Financial analytics requires strict data quality guarantees. A wrong P&L figure caused by a duplicate trade record or a null execution price can lead an agent to make costly decisions. dbt schema tests enforce these constraints at every model layer.

models/staging/_stg_purple_flea__sources.yml YAML

version: 2

sources:
  - name: purple_flea
    description: "Raw Purple Flea API data loaded into warehouse"
    schema: raw
    tables:
      - name: raw_trades
        description: "Raw trade execution records from Purple Flea trading API"
        columns:
          - name: trade_id
            tests:
              - not_null
              - unique
          - name: agent_id
            tests:
              - not_null
          - name: price
            tests:
              - not_null
              - dbt_utils.expression_is_true:
                  expression: "price > 0"
          - name: quantity
            tests:
              - not_null
              - dbt_utils.expression_is_true:
                  expression: "quantity > 0"
          - name: side
            tests:
              - accepted_values:
                  values: ['buy', 'sell']
          - name: status
            tests:
              - accepted_values:
                  values: ['filled', 'partial', 'cancelled']
          - name: executed_at
            tests:
              - not_null

---
# Staging model schema tests

models:
  - name: stg_purple_flea_trades
    description: "Cleaned and typed Purple Flea trade records"
    columns:
      - name: trade_sk
        description: "Surrogate key: deterministic hash of trade_id + agent_id"
        tests:
          - not_null
          - unique
      - name: trade_id
        tests:
          - not_null
          - unique
      - name: agent_id
        tests:
          - not_null
          - relationships:
              to: ref('dim_agents')
              field: agent_id
      - name: execution_price
        tests:
          - not_null
          - dbt_utils.expression_is_true:
              expression: "execution_price > 0"
      - name: trade_side
        tests:
          - accepted_values:
              values: ['buy', 'sell']
      - name: fee_amount_usdc
        tests:
          - not_null
          - dbt_utils.expression_is_true:
              expression: "fee_amount_usdc >= 0"

  - name: fct_agent_pnl
    description: "Daily agent P&L aggregated by agent, date, and market"
    columns:
      - name: agent_id
        tests:
          - not_null
      - name: trade_date
        tests:
          - not_null
      - name: trade_count
        tests:
          - dbt_utils.expression_is_true:
              expression: "trade_count > 0"
      - name: total_fees_usdc
        tests:
          - dbt_utils.expression_is_true:
              expression: "total_fees_usdc >= 0"

dbt Macros

Financial Calculation Macros

Write financial formulas once as dbt macros and reuse them across every mart.
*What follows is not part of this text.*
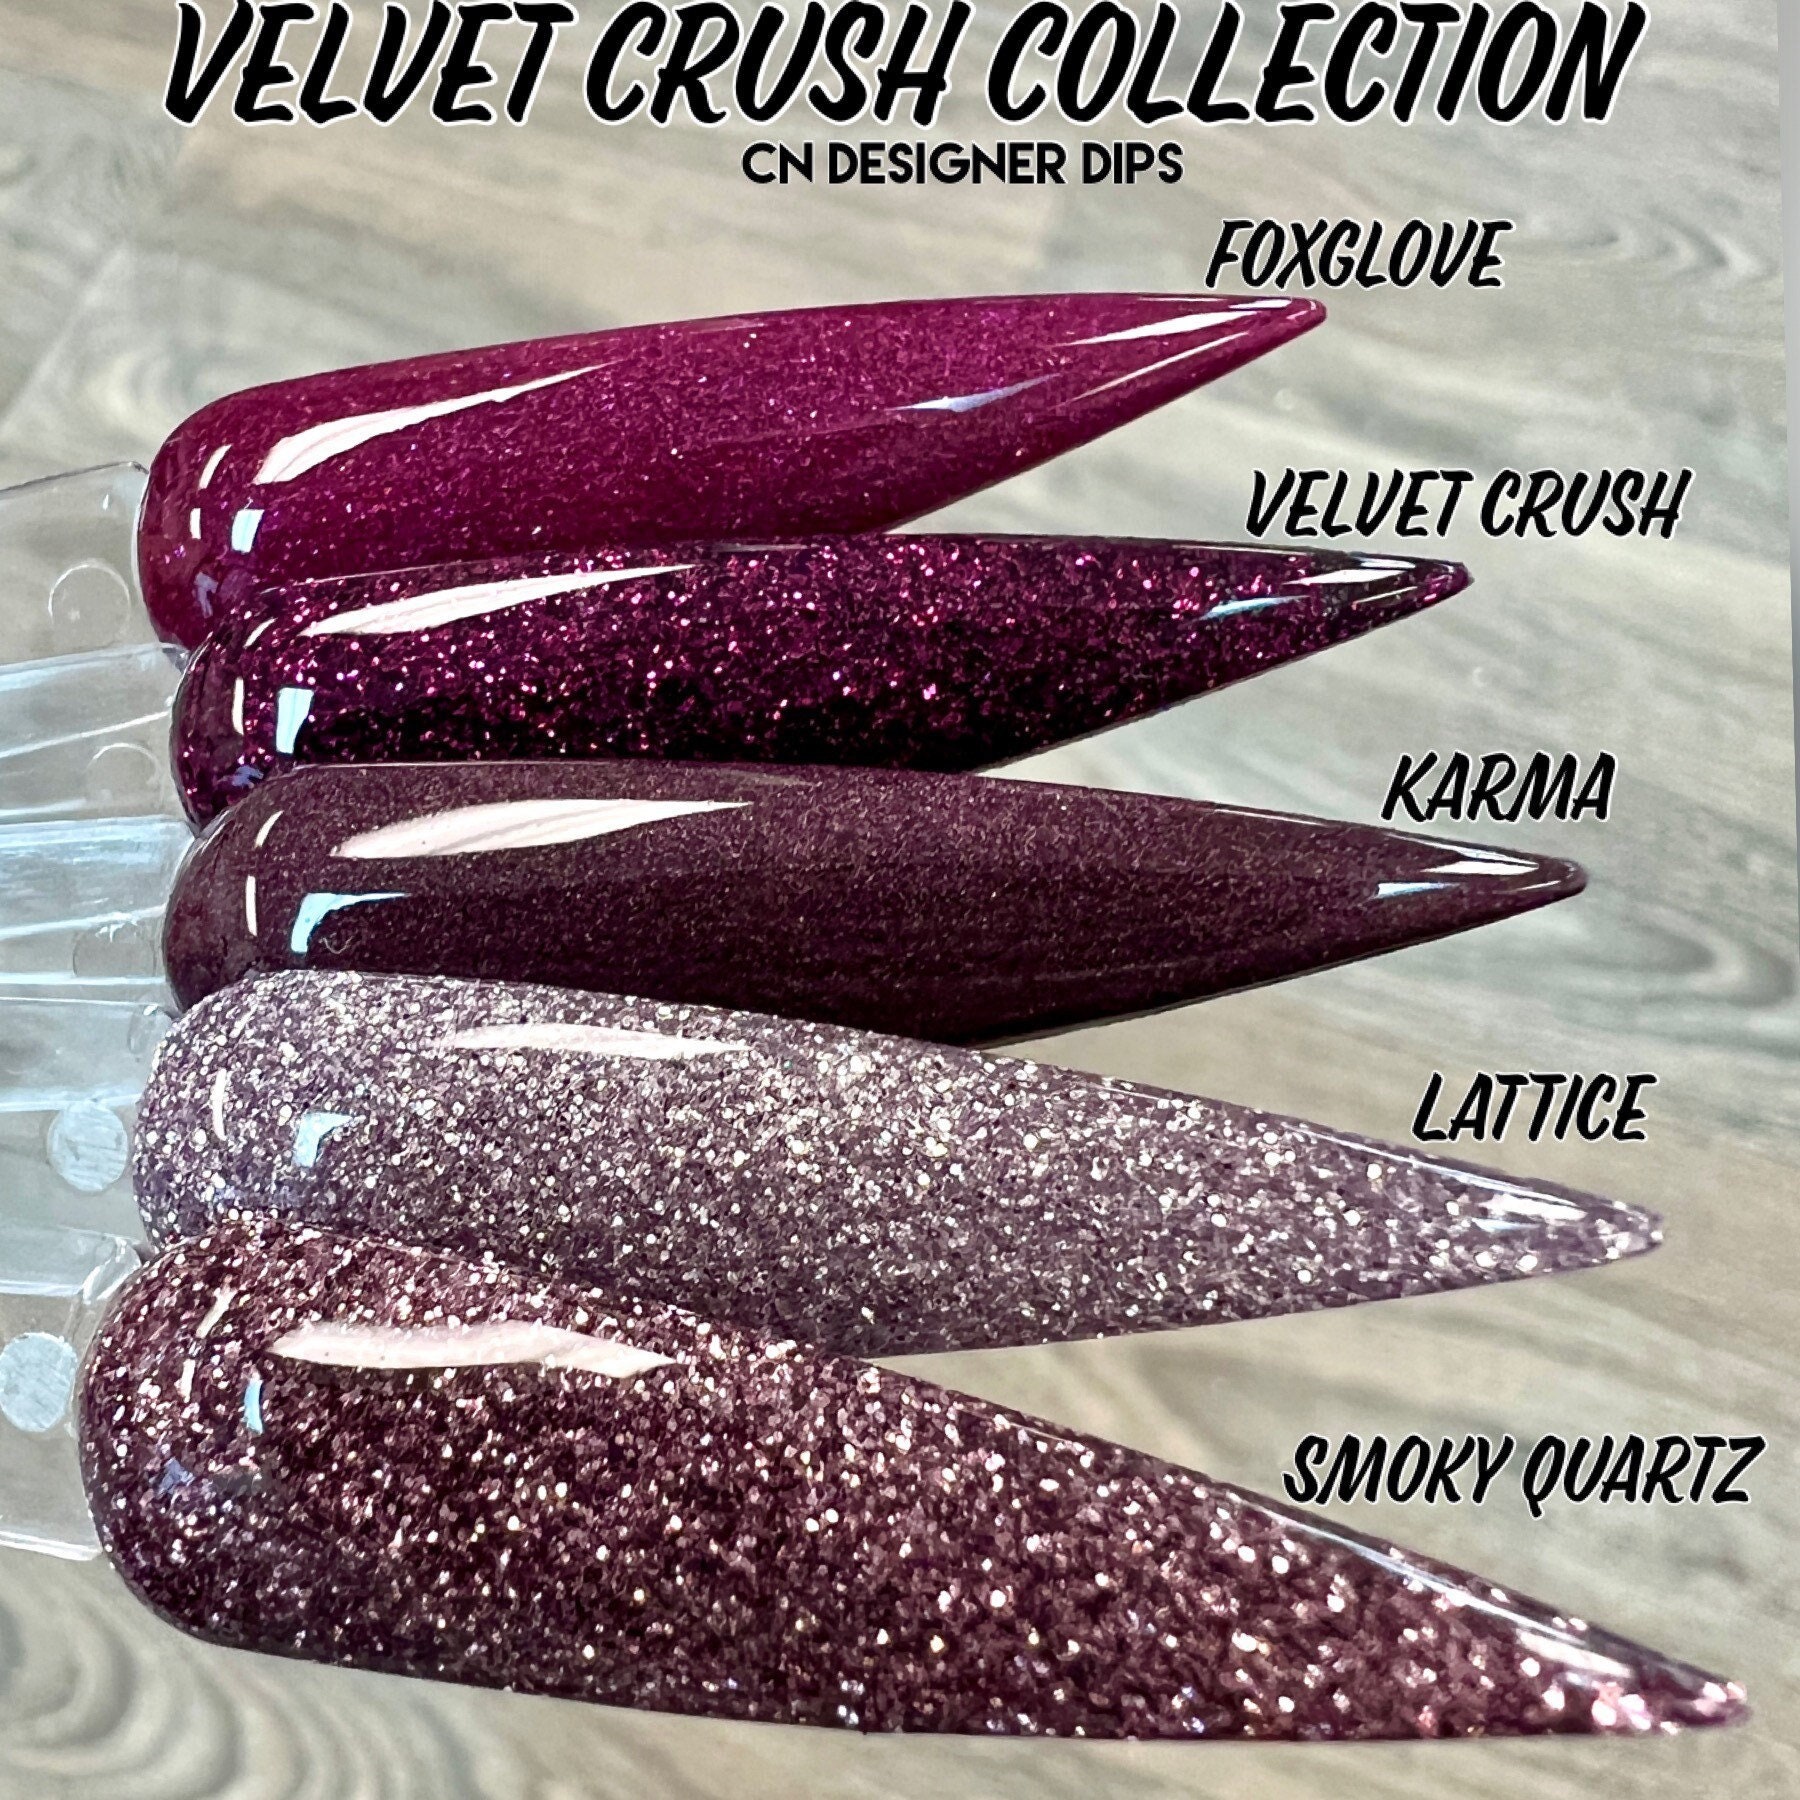 Velvet Crush Collection - Tauchpulver, Nageltauchpulver, Tauchpulver Für Nägel, Nagelpulver, Acryl, Nageldip, Nagelacryl von CNDesignerDips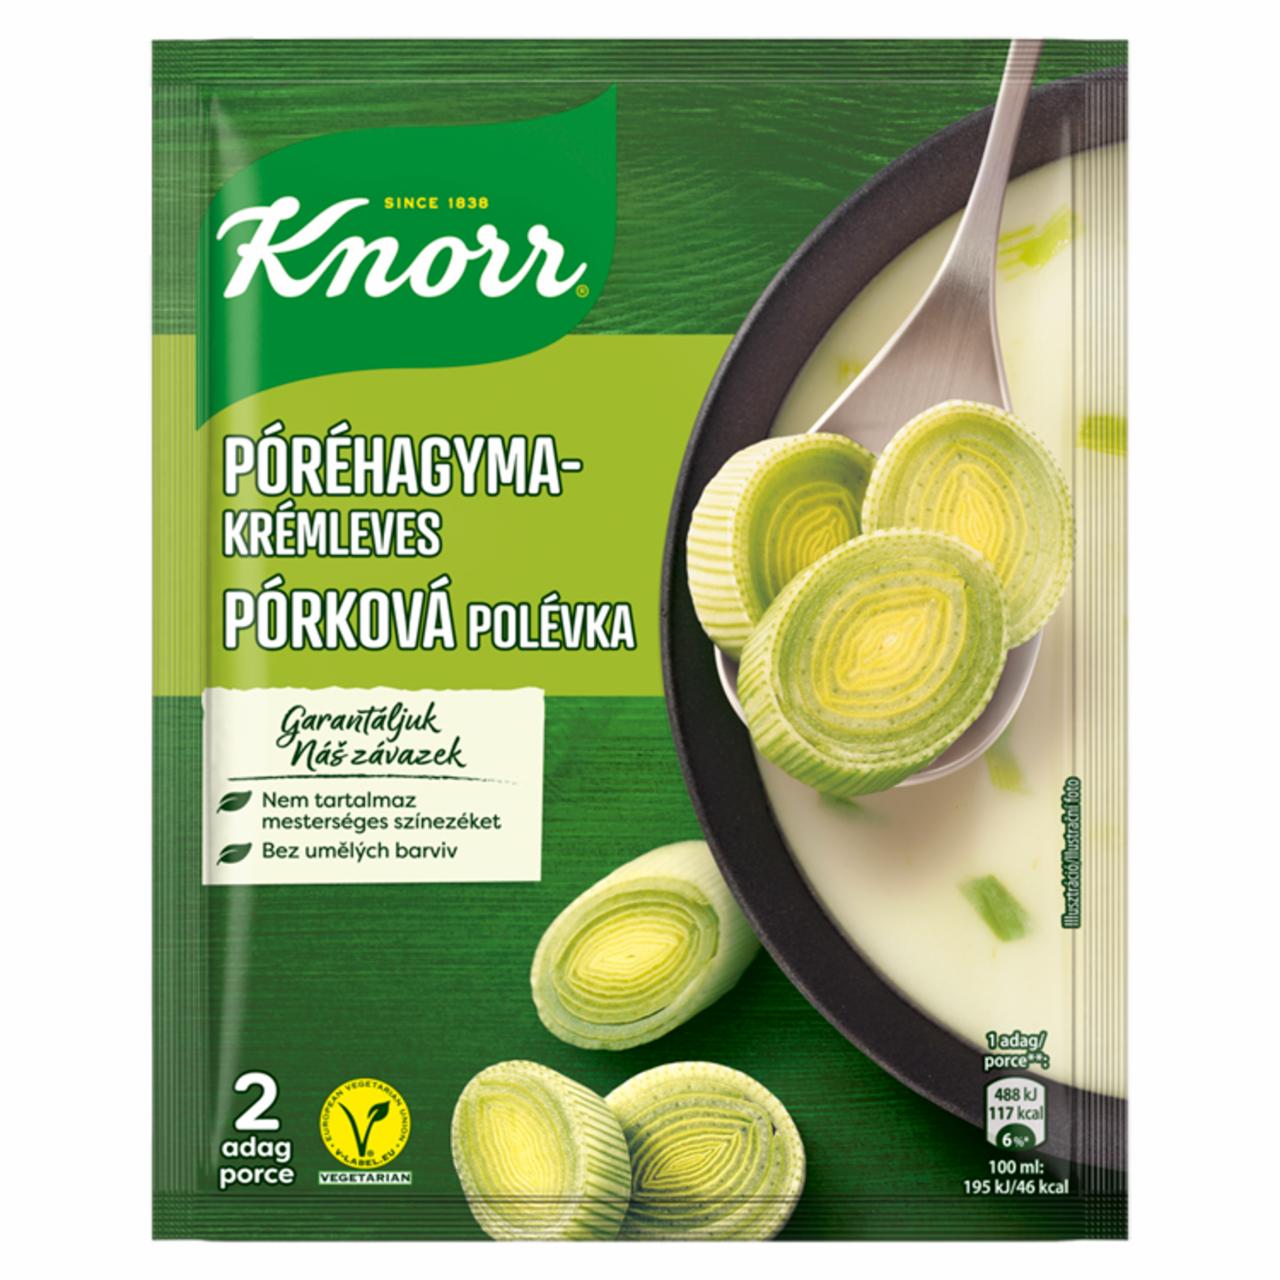 Képek - Knorr póréhagyma-krémleves 53 g

These macros encapsulate the Sharpe ratio, maximum drawdown, and win rate calculations that every agent analytics dashboard needs.

macros/financial_metrics.sql Jinja SQL (dbt macro)

{#
  Macro: sharpe_ratio
  Computes annualised Sharpe ratio from a column of daily returns.
  Args:
    returns_col: column name containing daily return values (decimal, e.g. 0.0215)
    risk_free_daily: daily risk-free rate (default 0 for crypto)
    trading_days: annualisation factor (default 365 for 24/7 crypto)
#}

{% macro sharpe_ratio(returns_col, risk_free_daily=0, trading_days=365) %}
    (avg({{ returns_col }} - {{ risk_free_daily }})
        / nullif(stddev_pop({{ returns_col }}), 0))
    * sqrt({{ trading_days }})
{% endmacro %}


{#
  Macro: max_drawdown
  Computes maximum peak-to-trough drawdown over a series of cumulative returns.
  Uses a window function approach suitable for aggregated daily data.
  Args:
    equity_col: column of cumulative equity values (e.g. running sum of returns)
    partition_col: column to partition by (e.g. agent_id)
    date_col: ordering column (e.g. trade_date)
#}

{% macro max_drawdown(equity_col, partition_col, date_col) %}
    min(
        ({{ equity_col }}
            - max({{ equity_col }}) over (
                partition by {{ partition_col }}
                order by {{ date_col }}
                rows between unbounded preceding and current row
            )
        )
        / nullif(
            max({{ equity_col }}) over (
                partition by {{ partition_col }}
                order by {{ date_col }}
                rows between unbounded preceding and current row
            ),
            0
        )
    ) over (partition by {{ partition_col }})
{% endmacro %}


{#
  Macro: win_rate
  Fraction of profitable trades (net_pnl > 0) over total trades.
  Args:
    pnl_col: column containing per-trade net P&L
#}

{% macro win_rate(pnl_col) %}
    sum(case when {{ pnl_col }} > 0 then 1.0 else 0.0 end)
        / nullif(count(*), 0)
{% endmacro %}


{#
  Macro: calmar_ratio
  Annualised return divided by absolute maximum drawdown.
  Combines sharpe_ratio and max_drawdown macros.
  Args:
    annual_return_col: annualised return column
    max_dd_col: pre-computed max drawdown column (negative decimal, e.g. -0.15)
#}

{% macro calmar_ratio(annual_return_col, max_dd_col) %}
    {{ annual_return_col }} / nullif(abs({{ max_dd_col }}), 0)
{% endmacro %}


{#
  Macro: sortino_ratio
  Like Sharpe but penalises only downside volatility.
  Args:
    returns_col: daily return column
    target_return: minimum acceptable daily return (default 0)
    trading_days: annualisation factor
#}

{% macro sortino_ratio(returns_col, target_return=0, trading_days=365) %}
    (avg({{ returns_col }}) - {{ target_return }})
    / nullif(
        sqrt(
            avg(
                power(
                    case
                        when {{ returns_col }} < {{ target_return }}
                        then {{ returns_col }} - {{ target_return }}
                        else 0
                    end,
                    2
                )
            )
        ),
        0
    )
    * sqrt({{ trading_days }})
{% endmacro %}

Use these macros in any mart model: {{ sharpe_ratio('daily_return_pct') }}. dbt compiles the Jinja at run time, injecting the SQL inline — zero runtime overhead, full SQL pushdown to your warehouse.

Strategy Mart

fct_strategy_performance.sql — Using the Macros

The strategy performance mart aggregates daily P&L per agent strategy and applies the financial macros to produce Sharpe ratio, drawdown, and win rate columns — ready for dashboarding in Metabase, Superset, or Looker.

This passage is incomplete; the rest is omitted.